-- What is expected --
Set out exactly every line of the entries below, starting at the line that holds "2013yearoflettering:</p>" and stopping after the line that holds "Kid President<br />".

-- Supplied entries --
==============================

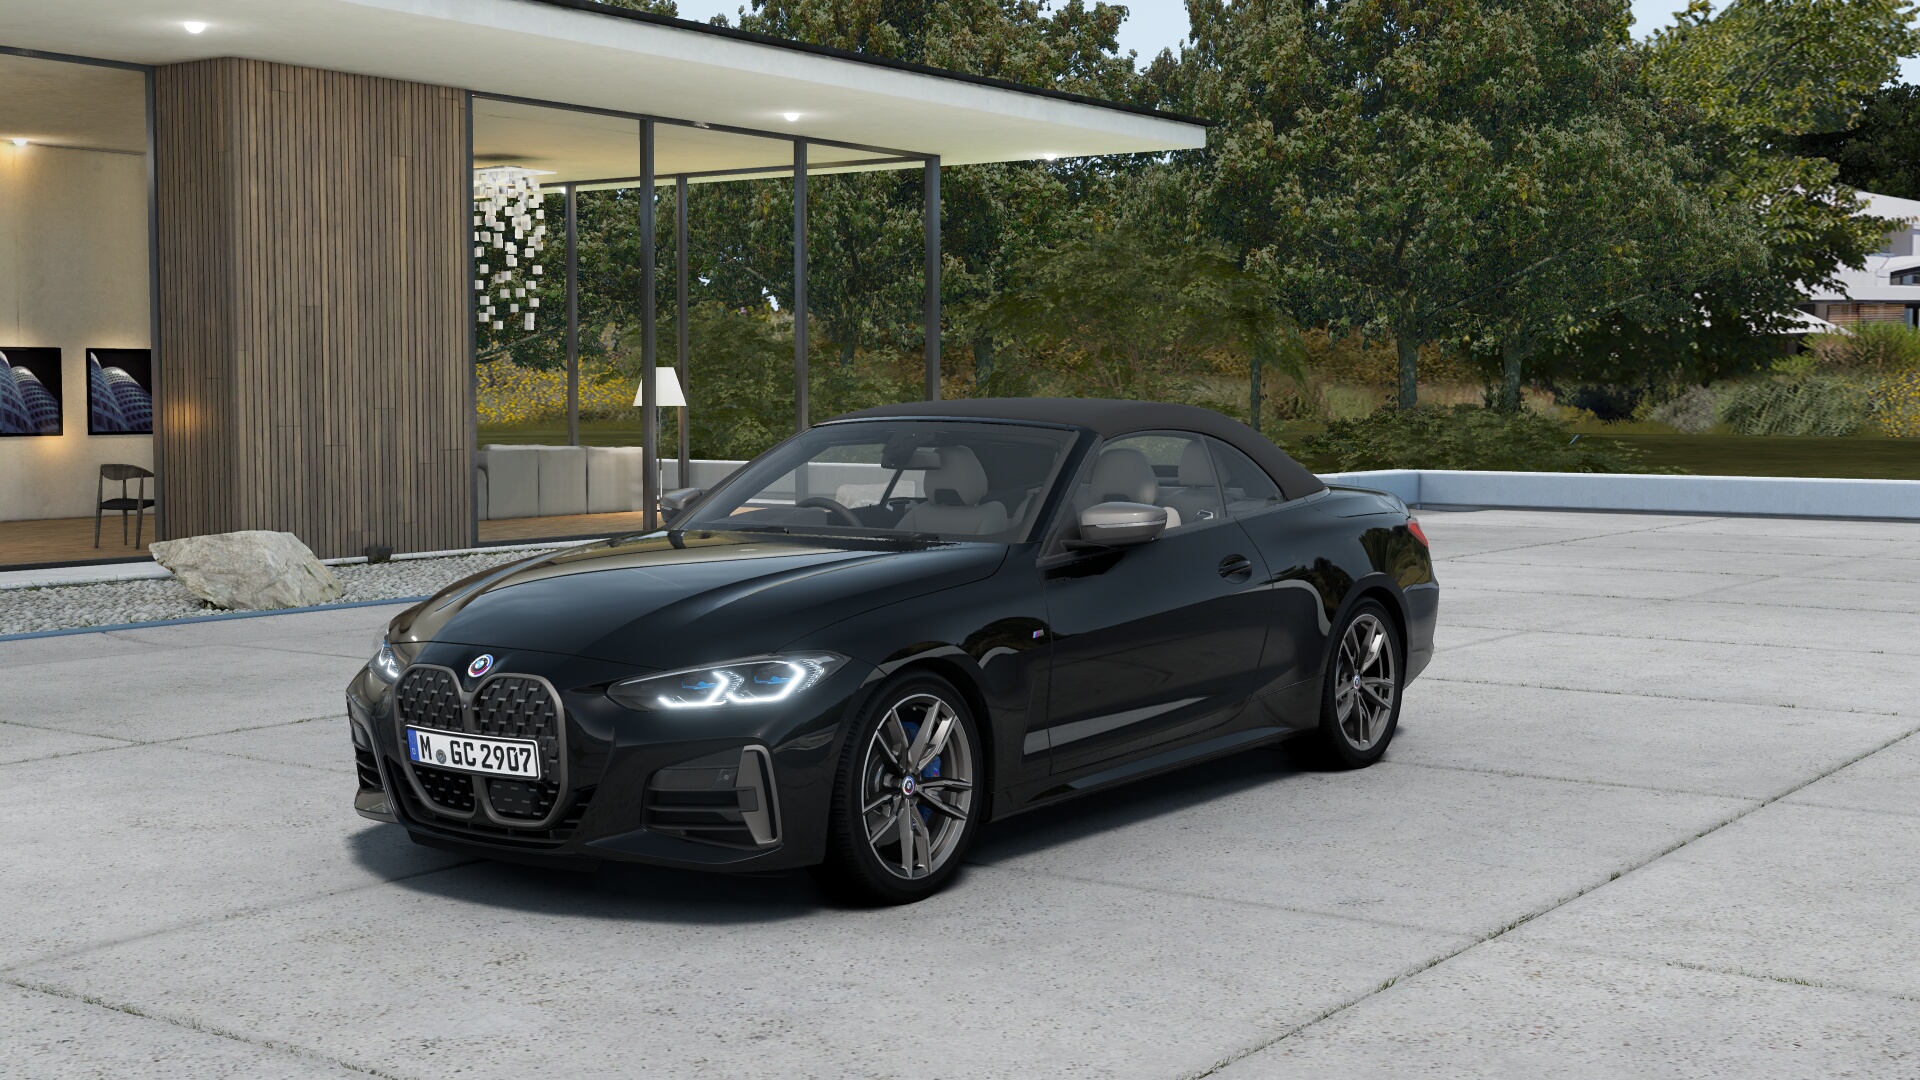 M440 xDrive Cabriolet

==============================

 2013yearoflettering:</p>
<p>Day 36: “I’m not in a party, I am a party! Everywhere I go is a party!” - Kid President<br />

==============================

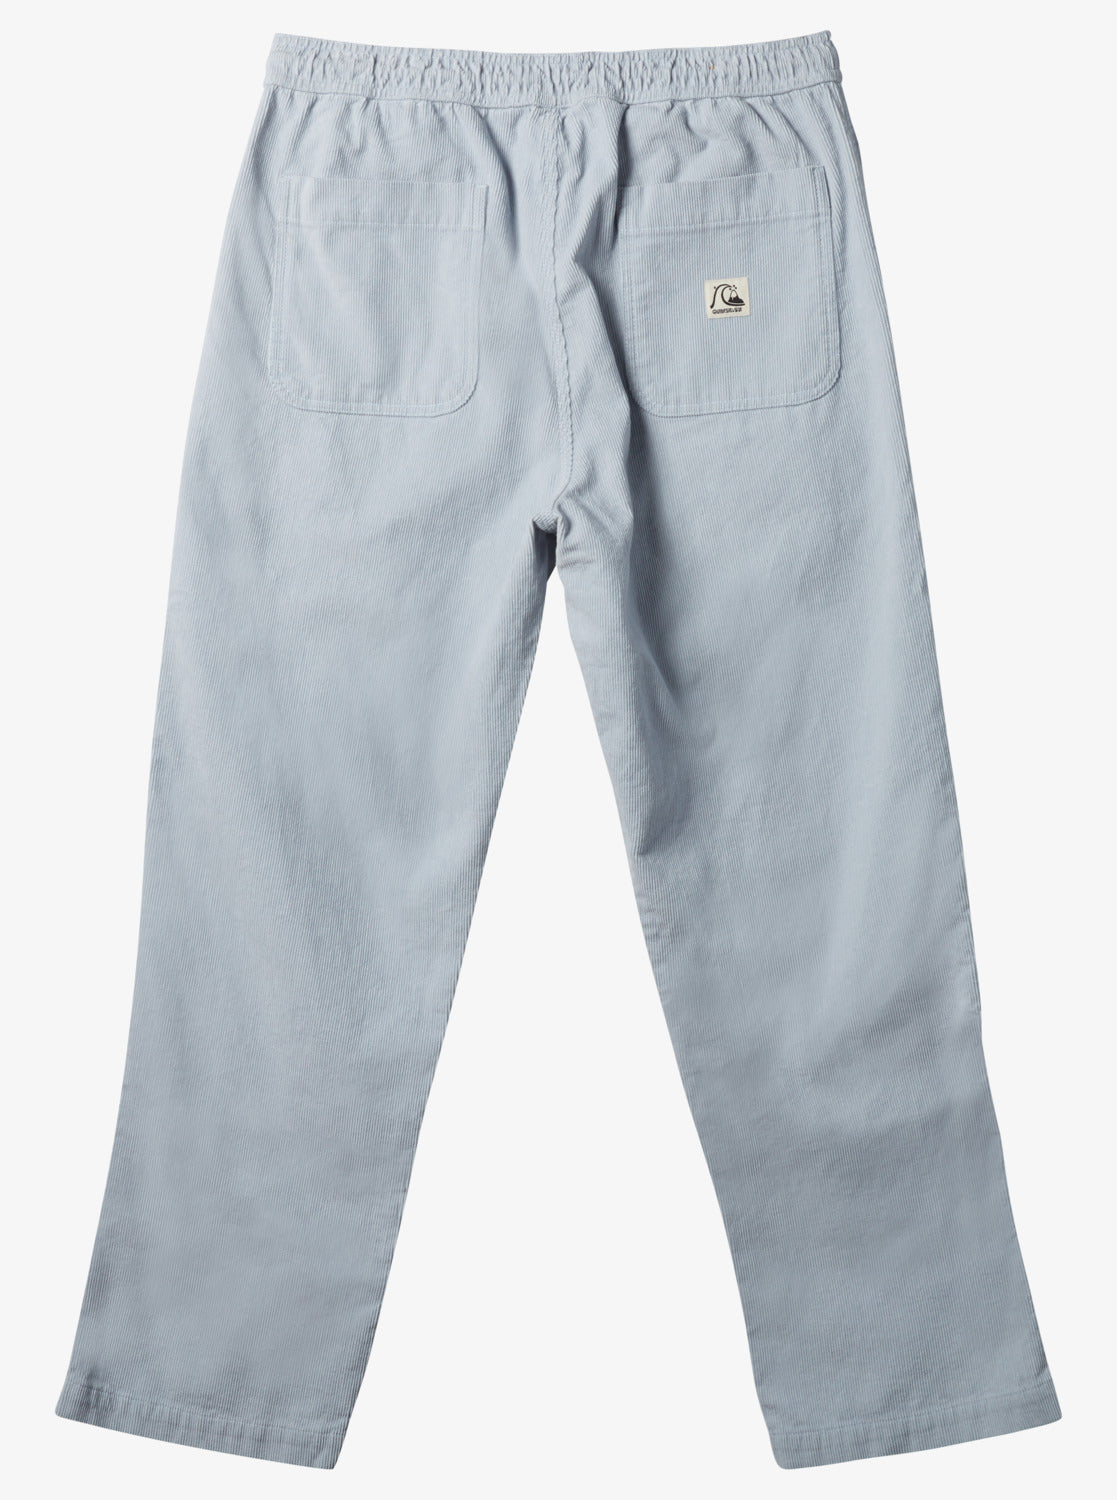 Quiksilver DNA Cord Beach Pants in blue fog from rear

==============================

-- Answer to this task --
 2013yearoflettering:</p>
<p>Day 36: “I’m not in a party, I am a party! Everywhere I go is a party!” - Kid President<br />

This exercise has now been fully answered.